If you continue to trash the federal government and pick on the most vulnerable members of our society, Mr. President (or, should I say Messrs. Co-Presidents), things will not end well for you, or for your descendants, or for the population, including those who voted for you.
In the meantime, I intend to act as if. As if I have purpose, wisdom, and dignity. Because I do.
Never one to indulge in naked self-interest, I think my plan will nonetheless be worth my while. Maybe I’ll even make out like a bandit. Maybe I’ll throw off the shackles of ageism—mainly my own—and gain a few months or even years of life in the bargain.
And the next time a young whippersnapper scolds me at the pharmacy or the market, I won’t rush off in a huff, because that’s not the way a dignified person ought to behave. I’ll simply smile sweetly and say, “have a great day.”
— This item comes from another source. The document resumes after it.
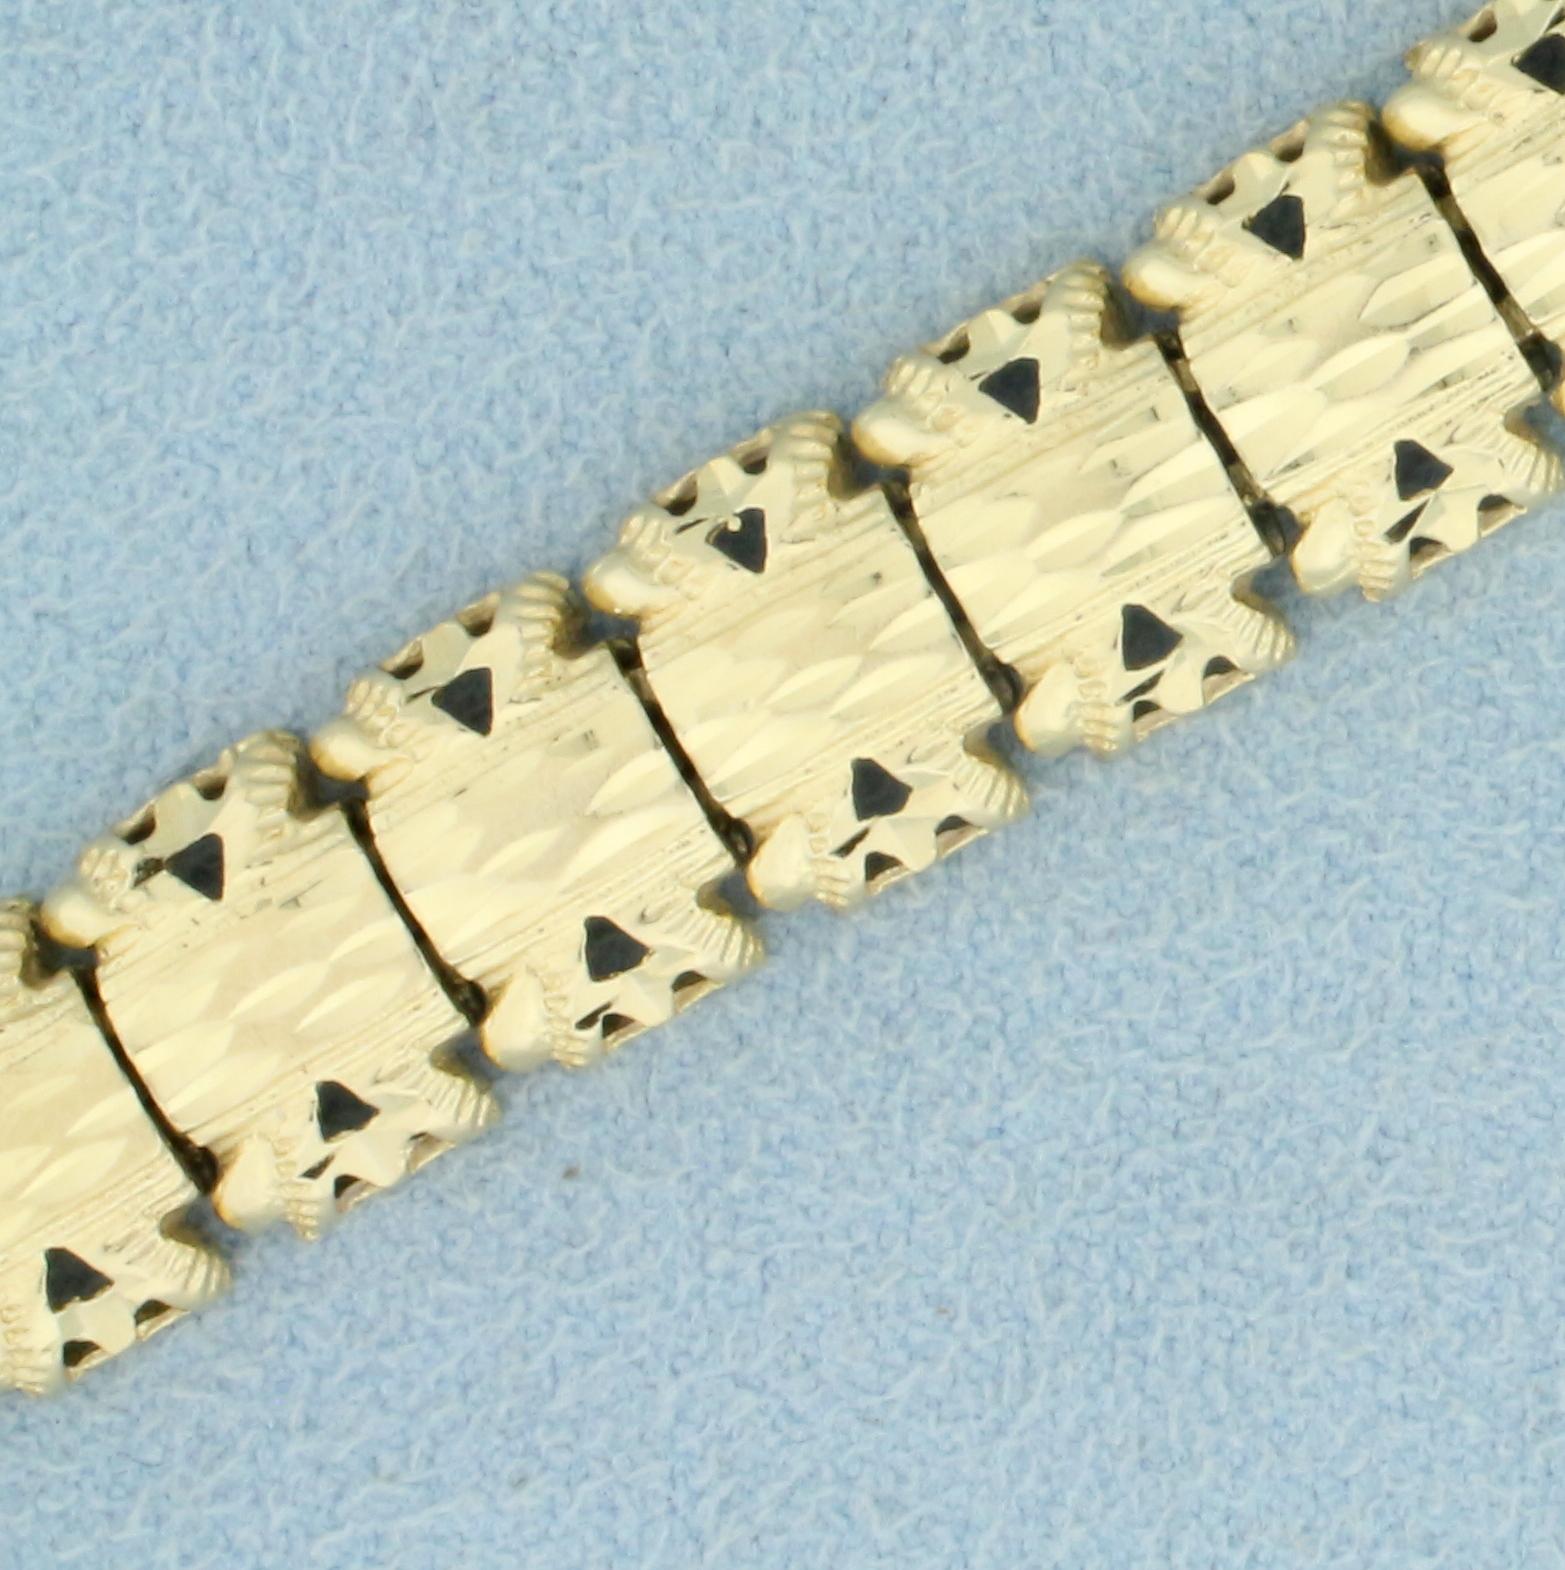 Diamond Cut Designer Bracelet In 14k Yellow Gold

I am curious, did his berating include comments about you being old, or was he just angry because he had to redo the transaction? Regardless, clerks should not be scolding their customers, even though we all know working in a pharmacy is miserable right now with the severe labor shortages.
Likely that young person didn't even realize their own reaction. It seems that many people younger than (let's say) ~45 are so conditioned to dismiss older adults, they are completely ignorant of how to treat others with respect and dignity as a starting point. And it should be the starting point.